Data Mining and the future of Retention
Data mining is important because we can use data in predictive analytics and as an industry we can use it to help our customers achieve more from their goals but also just stick to exercise more generally.
It also helps us understand what’s going on within our business. So we can plan more efficiently and introduce products that have a bigger uptake and a bigger outcome in the end for the customer.
This is where digital retention will be going. Not just in what I do but in what other people are doing as well. We data mine the membership database.
This is why the data becomes really important.
We can create what's called a persona. For example, I am a 52 year old male. Does that mean all 52 year old males are like me? No, some 52 year old males like smoking, drinking and watching football. I like watching football, but I don't smoke or drink so our personas are different. The types of sports I like to be engaged in or activities I'd like to be engaged in are things like the gym, but also mountain biking.
A persona can start to group and identify common characteristics, not of what we do, but how we behave and what turns us on.
When they profile me, one of mine is exhilaration, which comes out in the mountain biking. So if they've got programs, ‘we've got this on offer’, it’s going to look for things that would be exhilarating in the workouts.
If I'm more of the calm laid back type it's going to say, ‘we've got this new yoga program’, so it's not going to do it by age. It's going to be done by the types of things that are going to turn me on.
Facebook did a study of this with Cambridge university in the UK, they managed to get it down to one question.
Answer this one question and we can tell you what your persona is. We can classify you in different ways. We can do time series, which is the traditional retention analysis.
We can look for associations between what I do, what I like and what other people are like. So you can then create groups.
We can do regression analysis, which means we can test what the relationship is between exercise intensity and exercise adherence, and we know, this is just a general example, that as exercise intensity goes up, exercise adherence actually goes down, which should mean we start to question giving HIIT to everybody.
We can segment, we can do lookalikes. This is really good for marketing and advertising. Look at the profile of your members and then look at the profile of your community and then identify if you’ve got some more of that type of member out there and go get them.
And we know what the persona of these people are like, so we can encourage people to write our marketing and do our follow-ups in the same way.
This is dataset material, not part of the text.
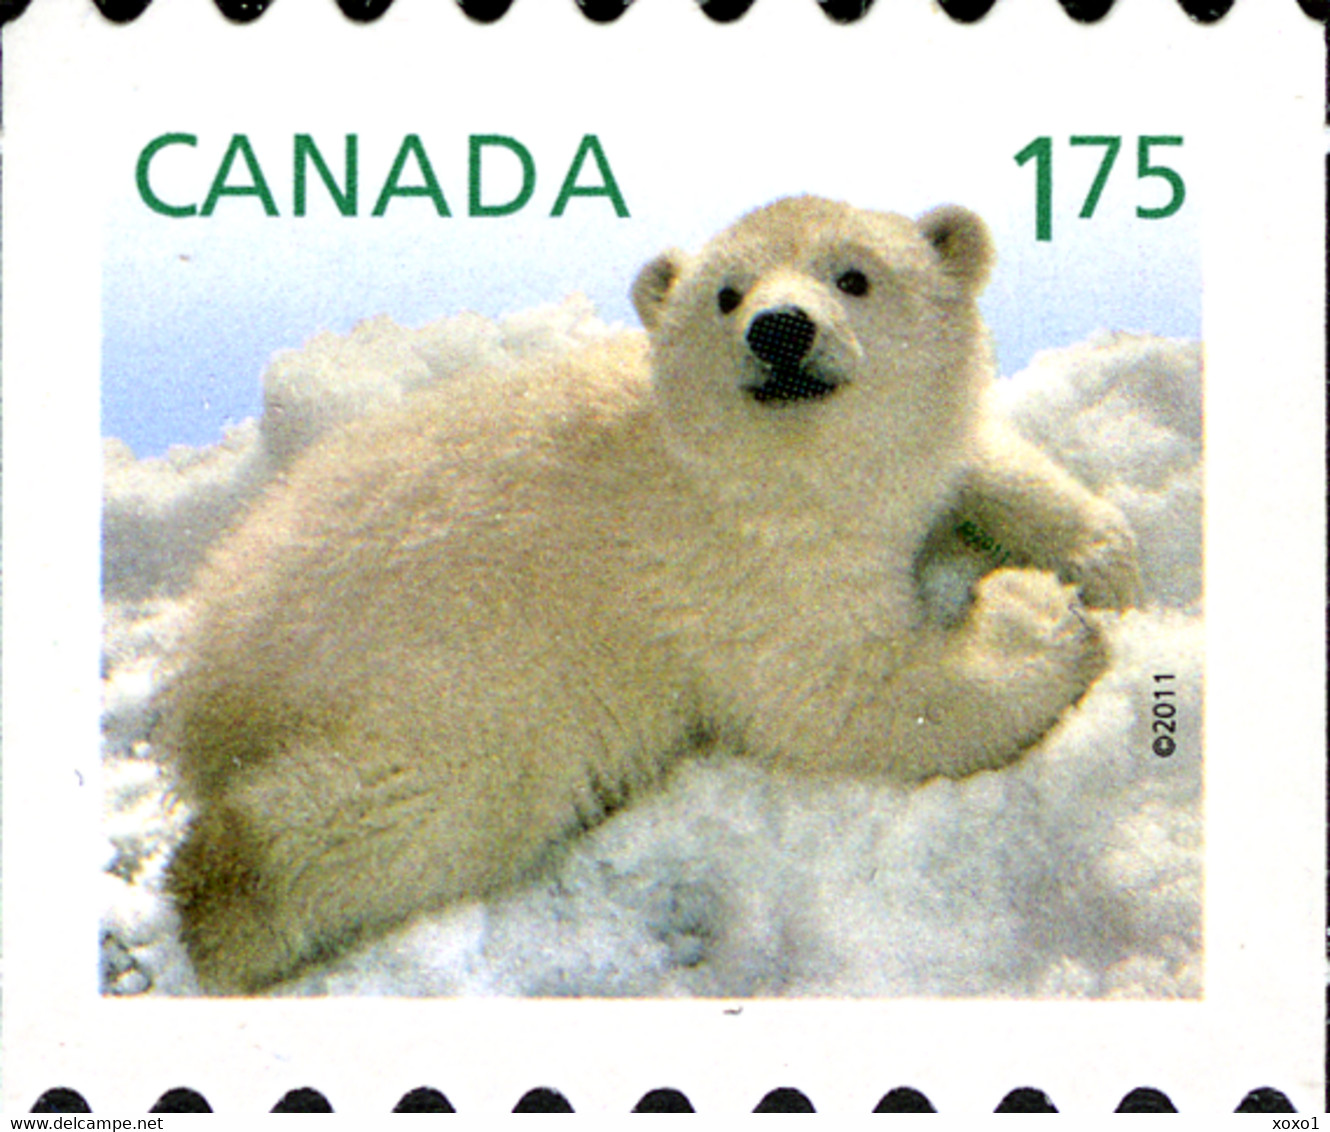 Canada 2011 MiNr. 2682 - 2685  Kanada Baby Wildlife Animals Birds - I 4v MNH** 9,50 € - Ours

This wasn't designed for retention, it was designed around sales, but I looked at it and said, you could flip that and turn it into retention, because you can start collecting data on somebody and this could be all the different data streams about someone.
There could be up to 600 columns. We scraped Facebook. We scraped Twitter. If you join us on Facebook, we can get your data. If you follow our Twitter account, we can get Twitter information about you.
If we've got your postcode, we can get about 40 pieces of data about you and we use that to create a model based on you, not someone else, one for you and another one for someone else and another and another, so we can look at your unique behaviours within the business.
That allows us to update our knowledge about you and the types of ways in which we can support you, interact with you and help you be successful at exercise.
That data stream continues to feed January, February, March. So everything you do, everything you feed, just updates my knowledge further and further about you and I can get more and more accurate in the way that I feed you information.
A bit like Amazon does. If you shop on Amazon, a bit like Netflix does, if you watch Netflix. So these are the same processes they use.